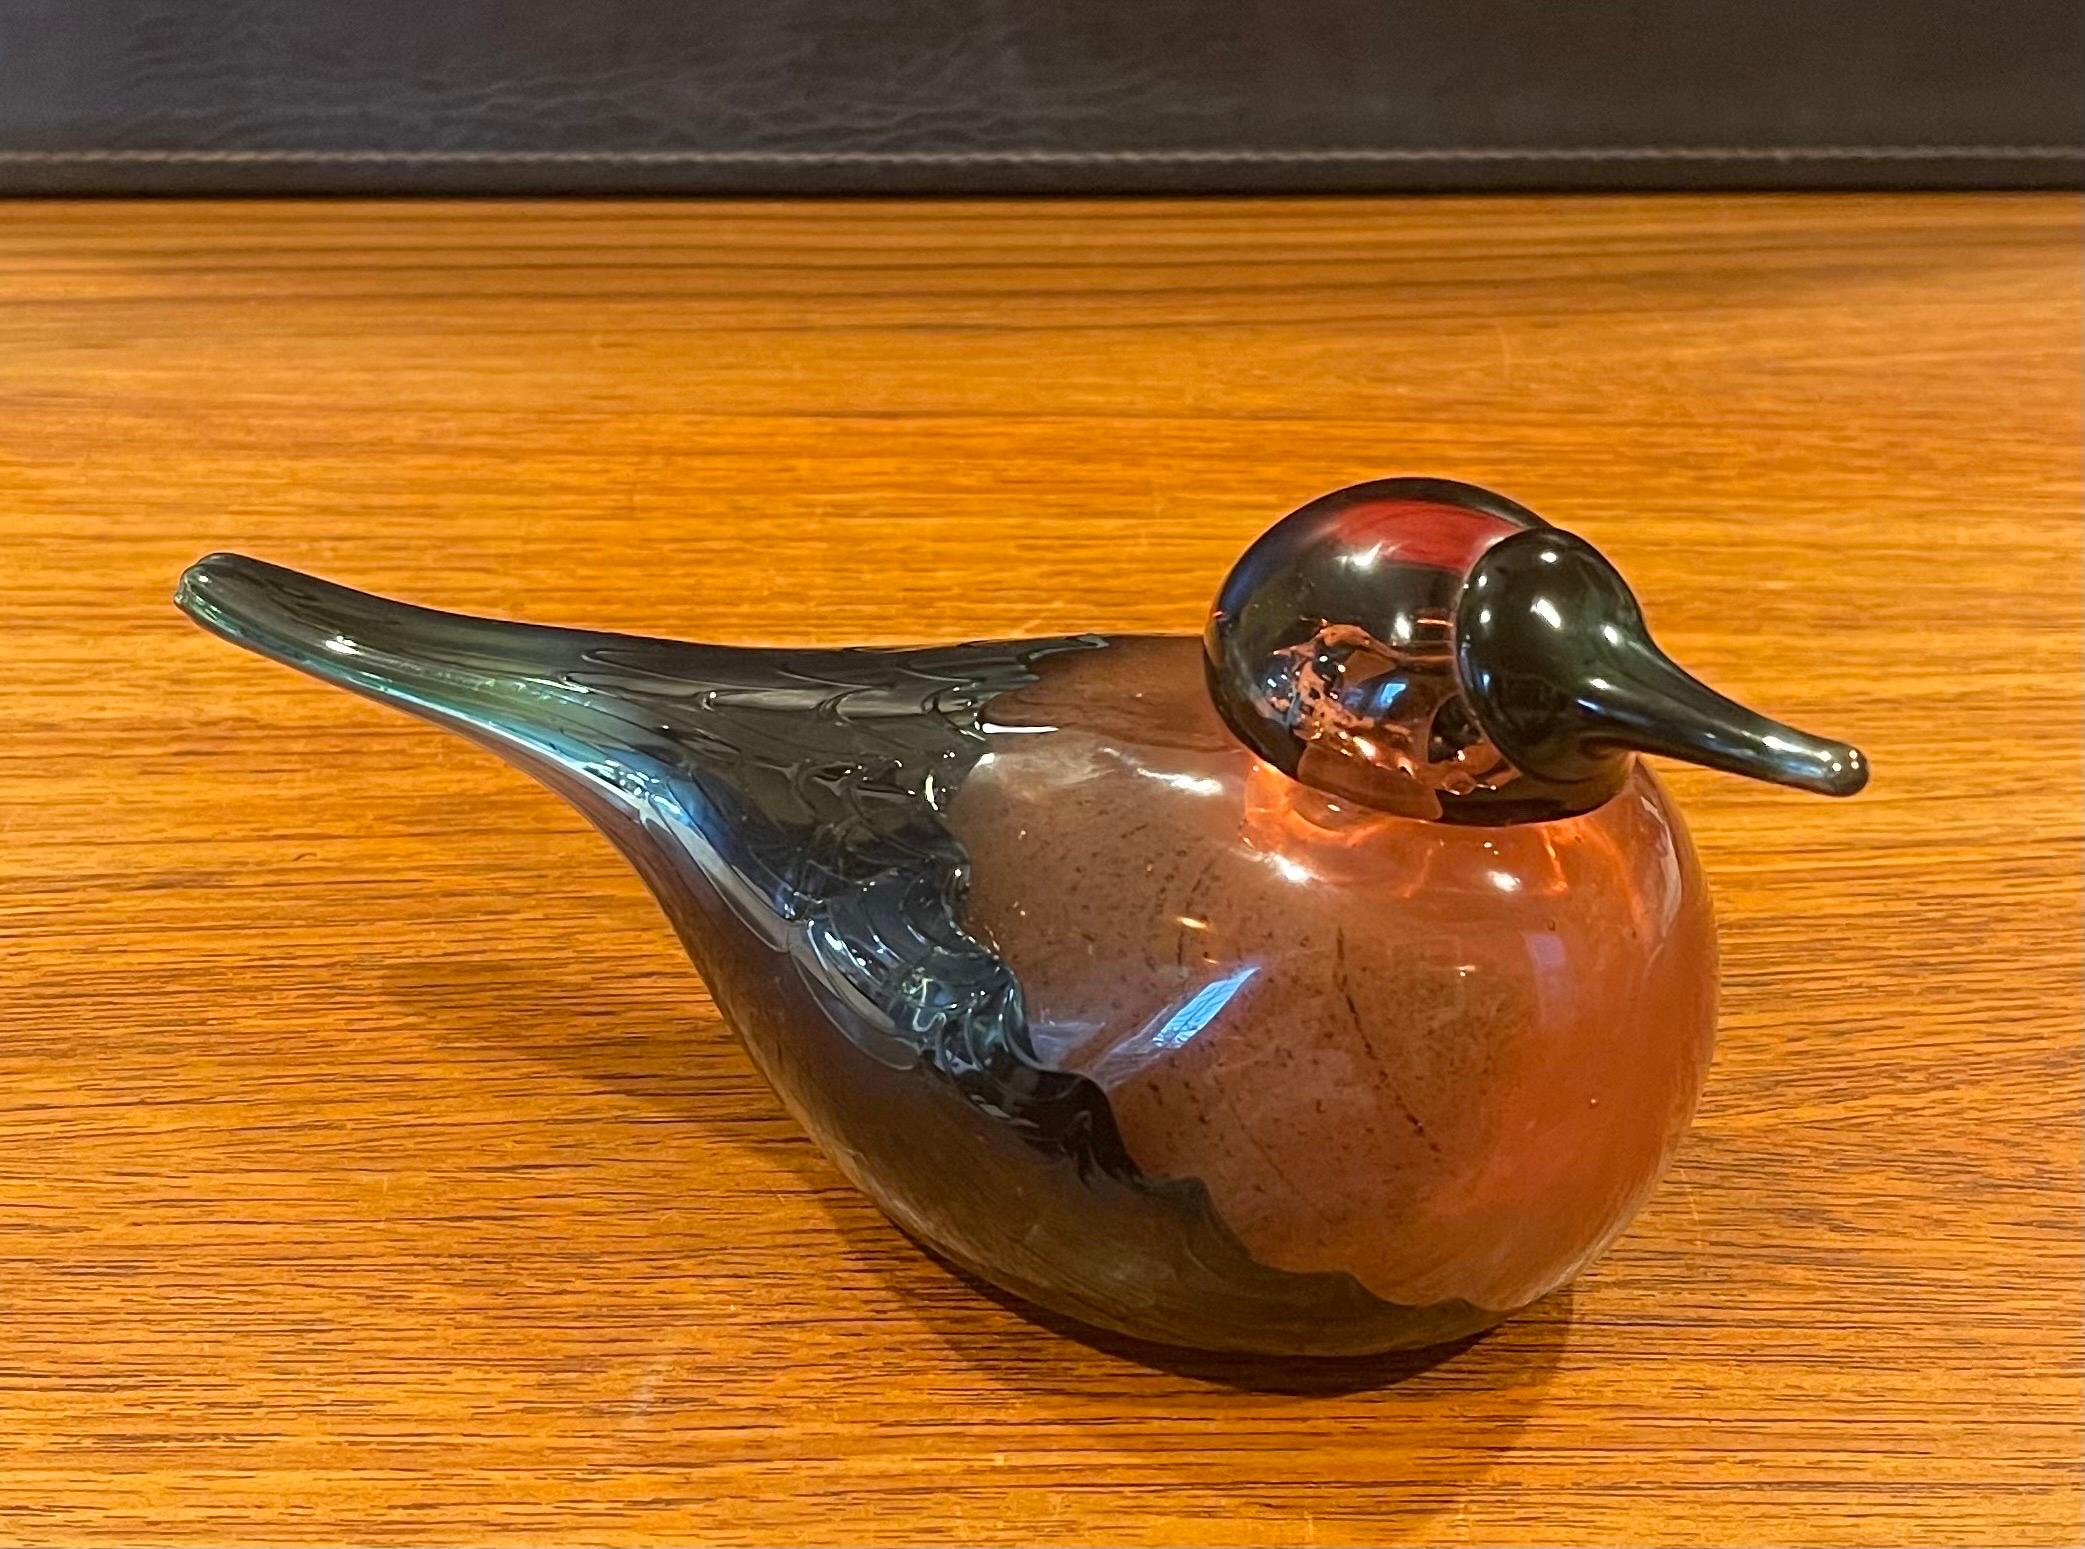 Gorgeous limited edition art glass bird sculpture by Oiva Toikka for Iittala of Finland, circa 1990s. This sculpture is mouth blown and is in great vintage condition with no chips or cracks. The piece measures 9
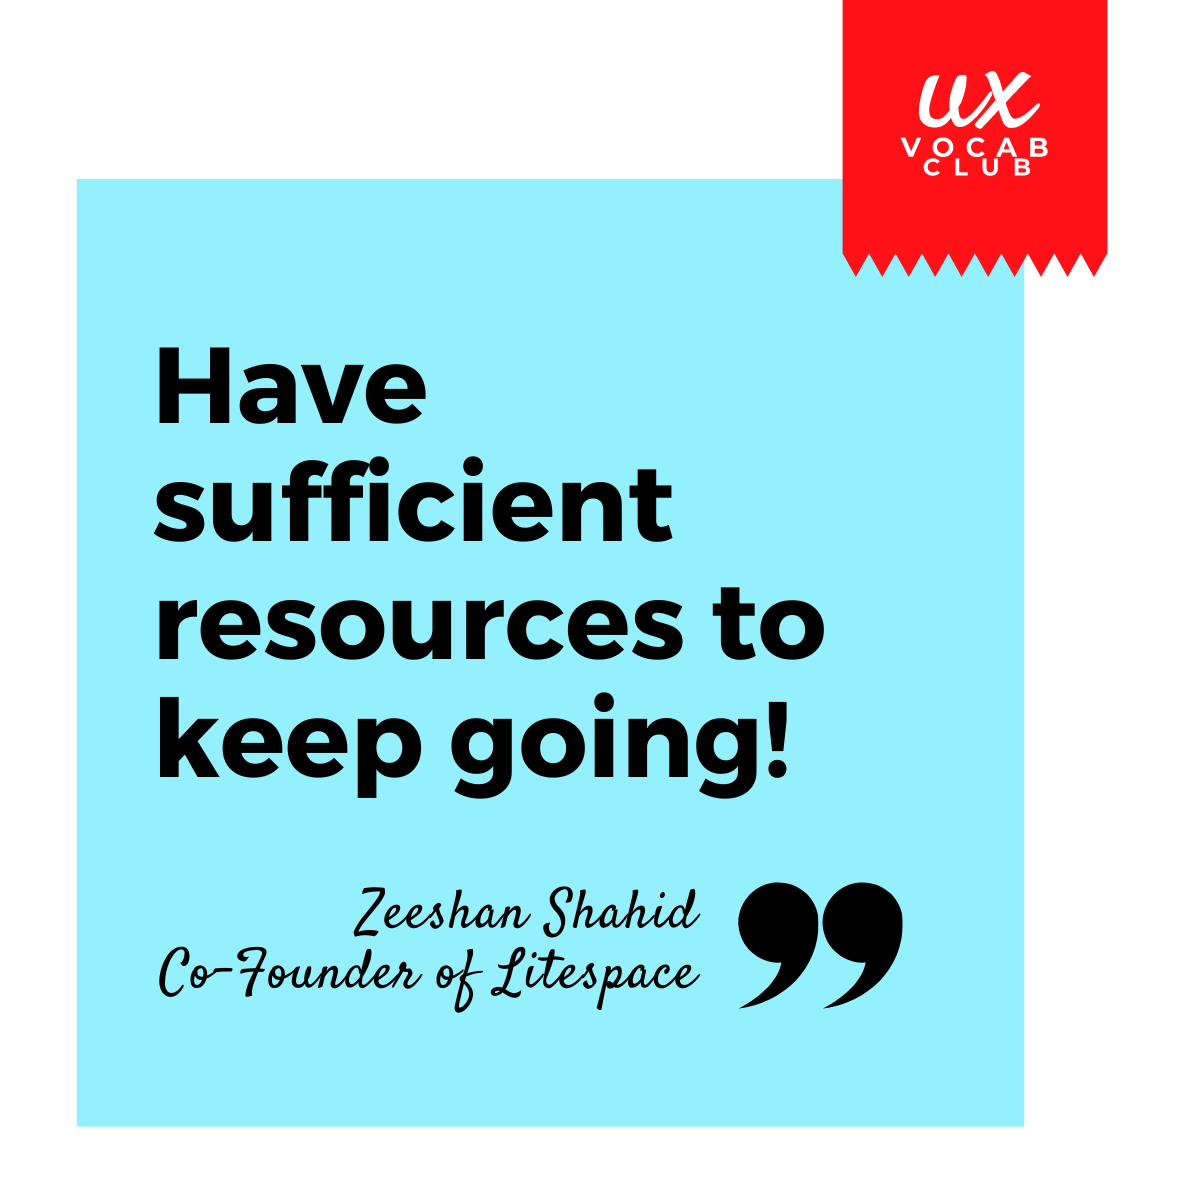 Quote from Zeeshan Shahid, Co-founder of Litespace
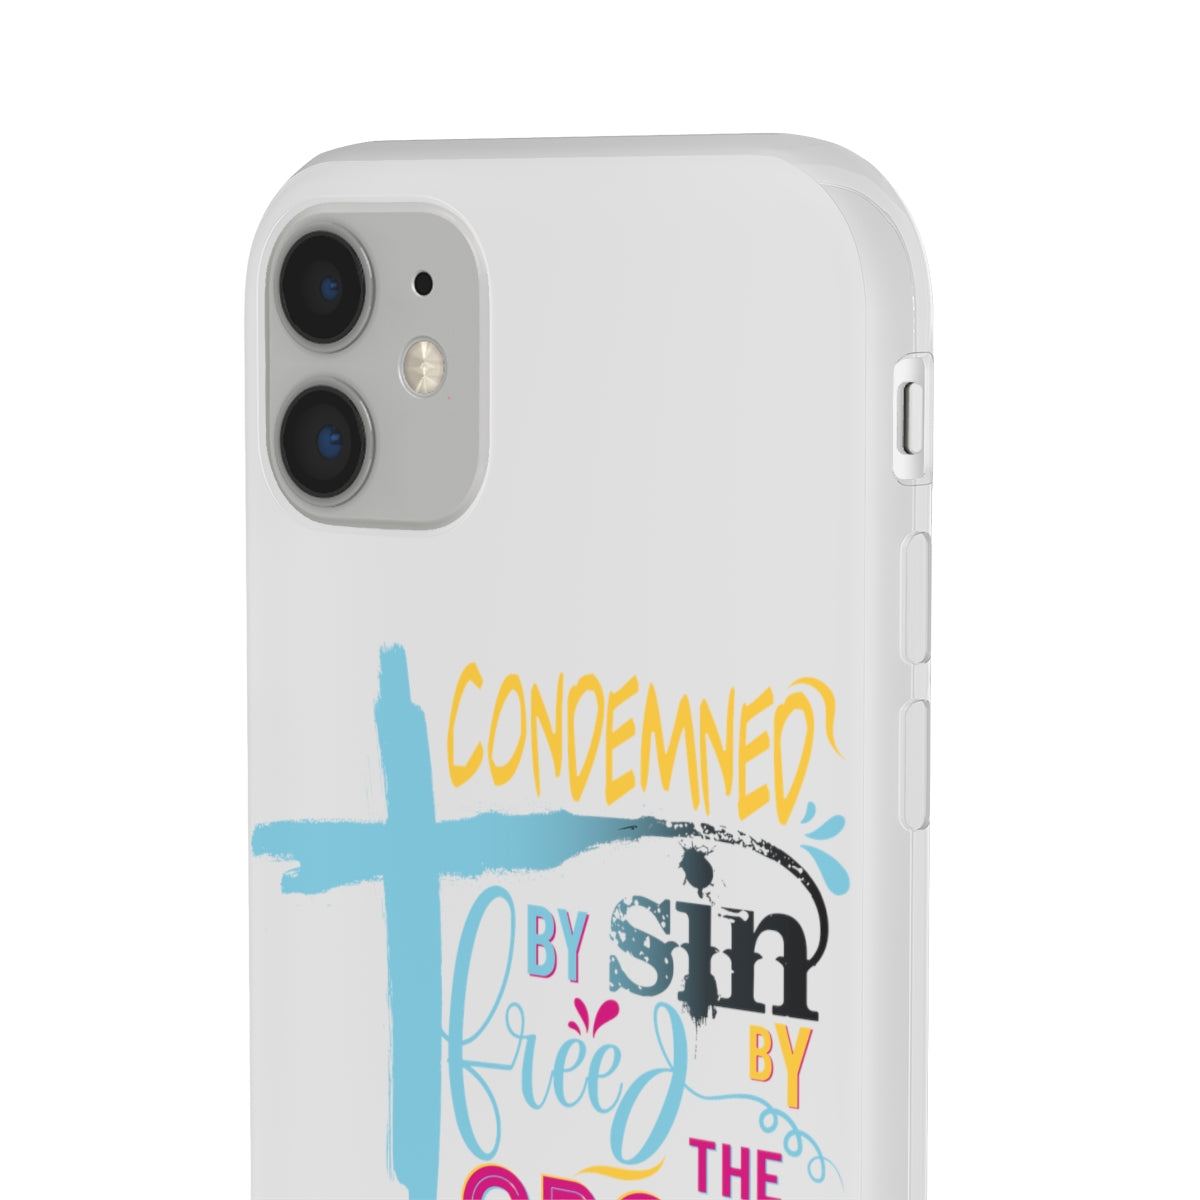 Condemned by Sin Freed By The Cross Flexi Phone Case compatible with select IPhone & Samsung Galaxy Phones Printify

EXERCISE PROMPT
Return the material above exactly; the images stay out.

SOLVED EXERCISE
 Gorgeous limited edition art glass bird sculpture by Oiva Toikka for Iittala of Finland, circa 1990s. This sculpture is mouth blown and is in great vintage condition with no chips or cracks. The piece measures 9
 Quote from Zeeshan Shahid, Co-founder of Litespace
 Condemned by Sin Freed By The Cross Flexi Phone Case compatible with select IPhone & Samsung Galaxy Phones Printify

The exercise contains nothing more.